**SUPPLIED RECORDS**
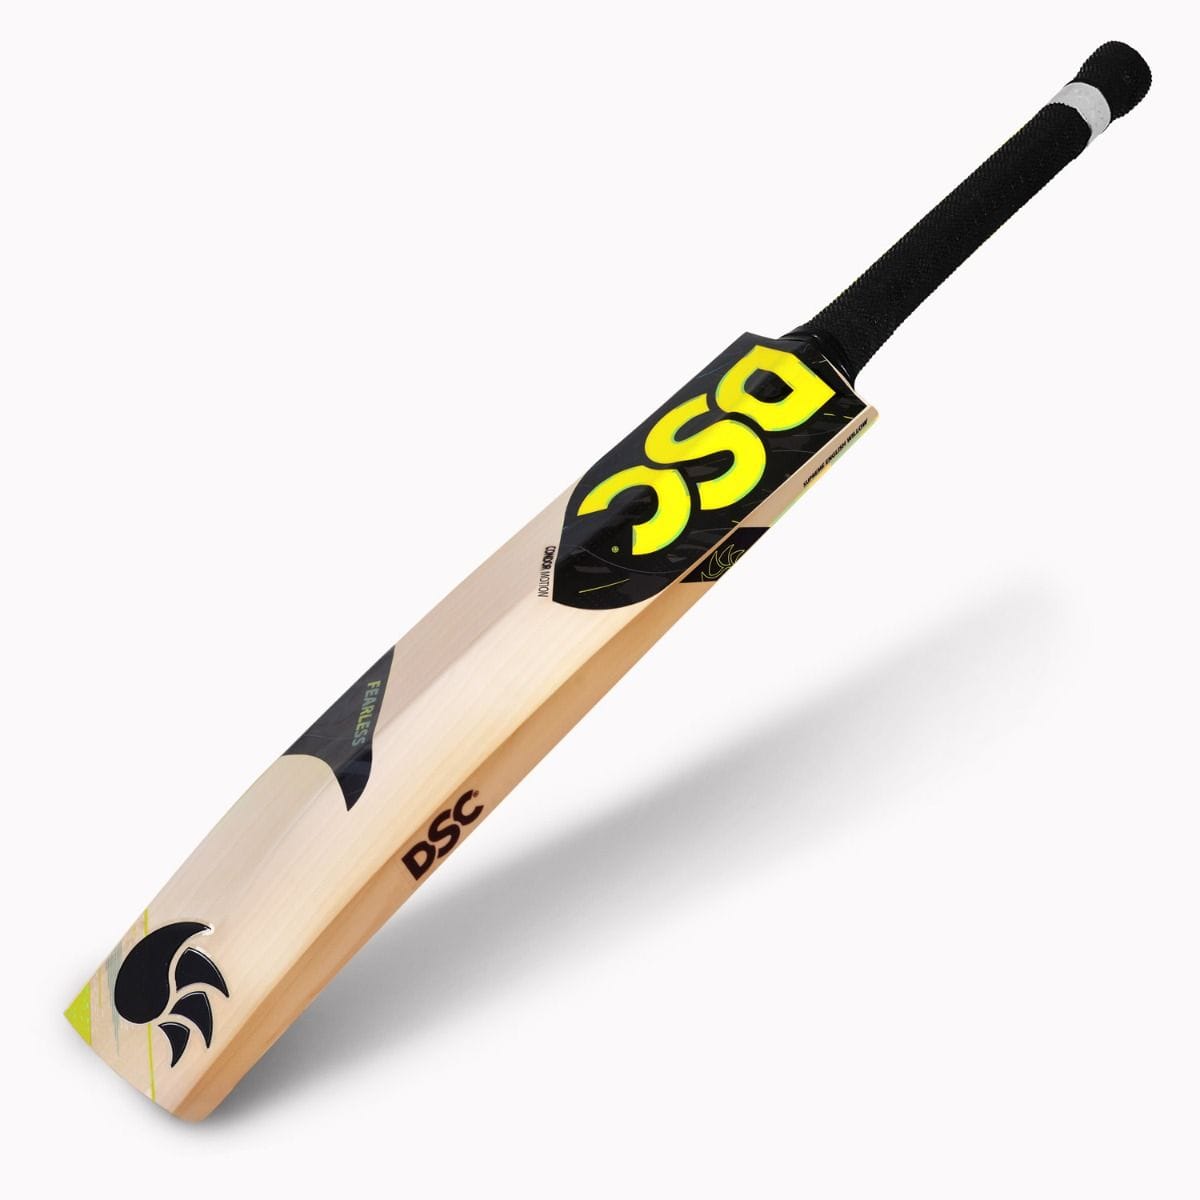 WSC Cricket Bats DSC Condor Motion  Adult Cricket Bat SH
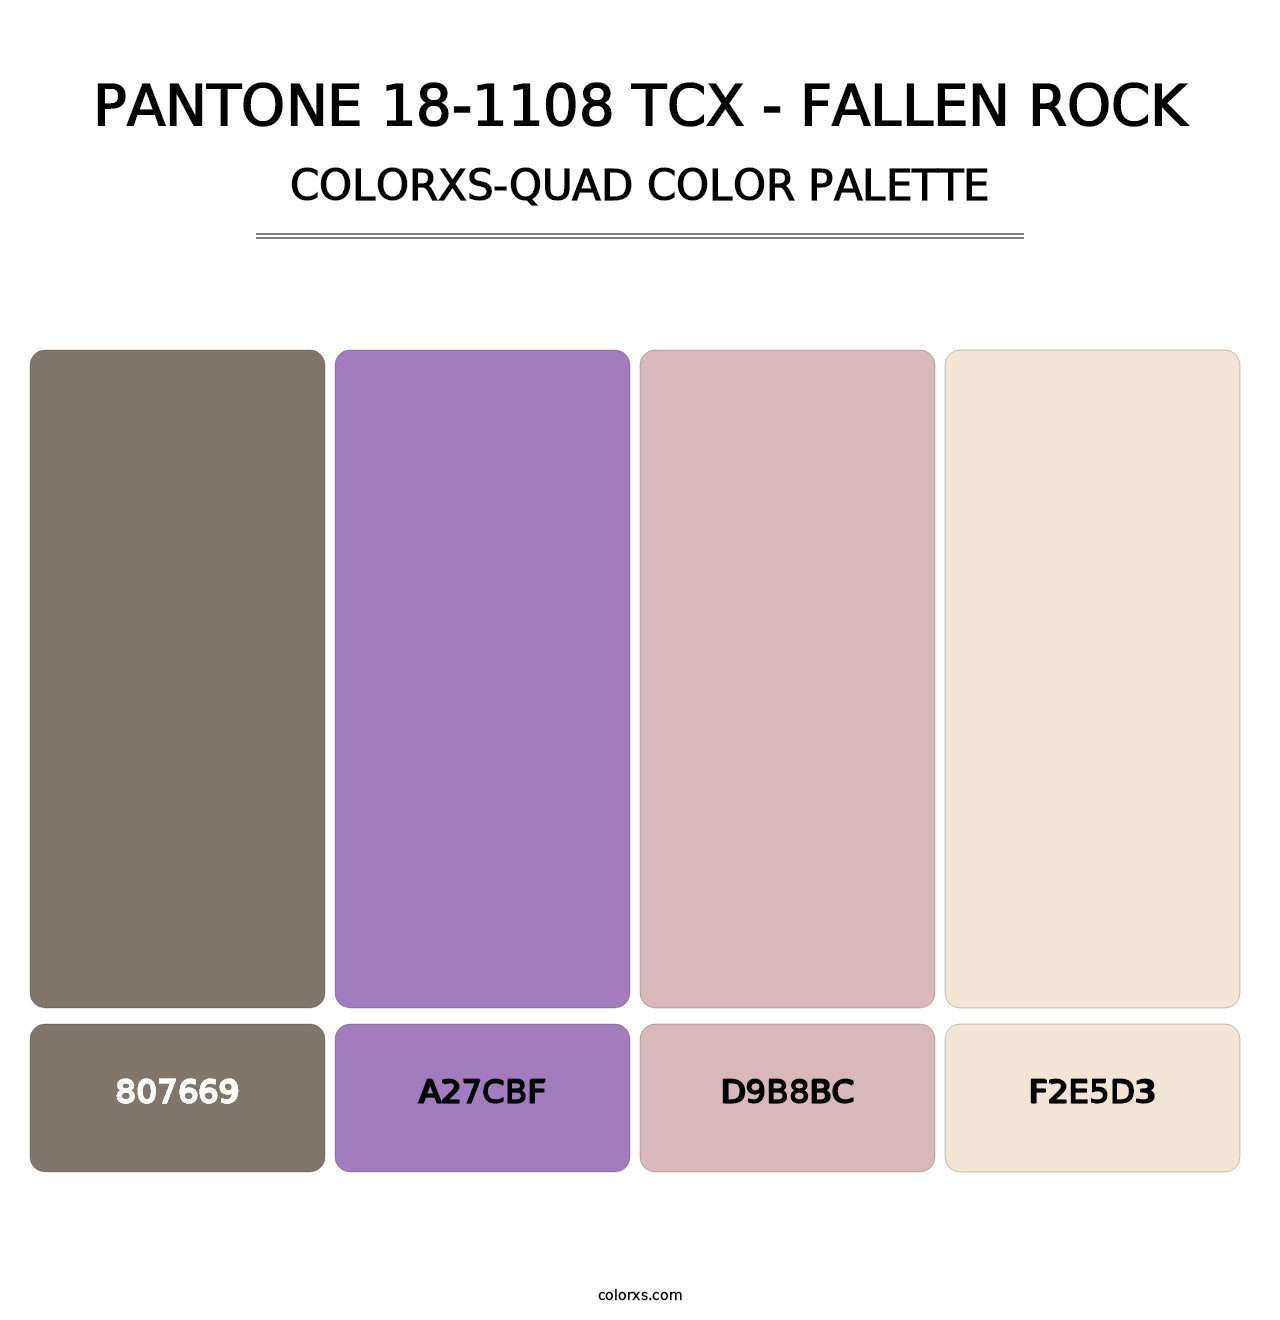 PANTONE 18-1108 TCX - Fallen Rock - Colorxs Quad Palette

==

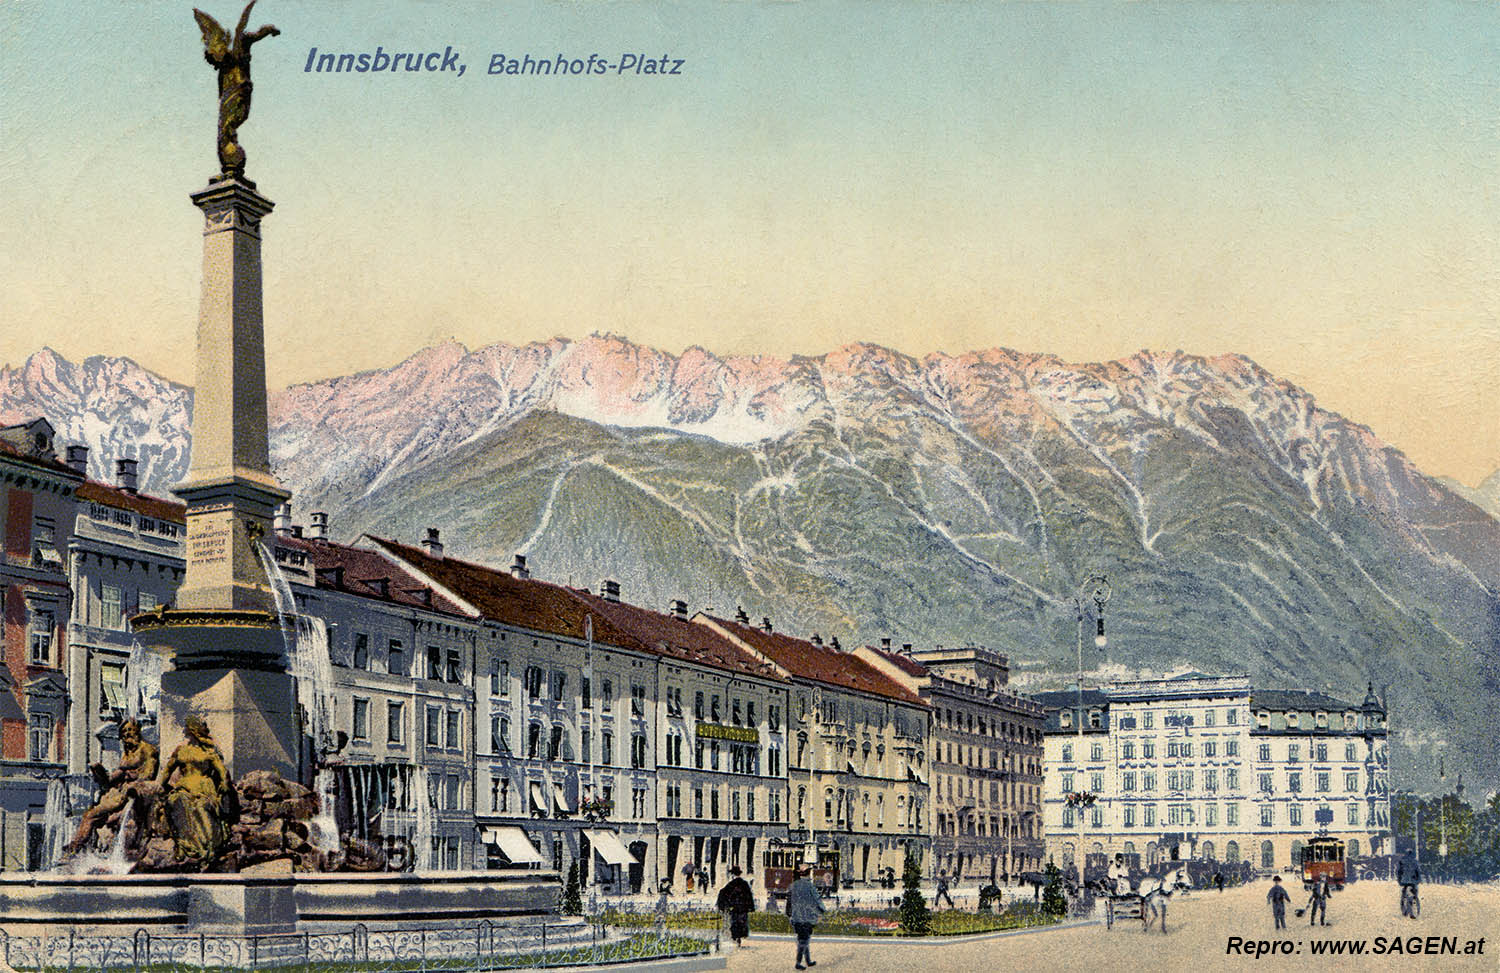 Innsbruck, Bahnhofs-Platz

**WHAT YOU SHOULD DO**
Starting at the line above with "WSC Cricket Bats", output every line exactly up to and including the line with "PANTONE 18-1108 TCX - Fallen", but none of the pictures.

**EXPECTED ANSWER**
 WSC Cricket Bats DSC Condor Motion  Adult Cricket Bat SH
 PANTONE 18-1108 TCX - Fallen Rock - Colorxs Quad Palette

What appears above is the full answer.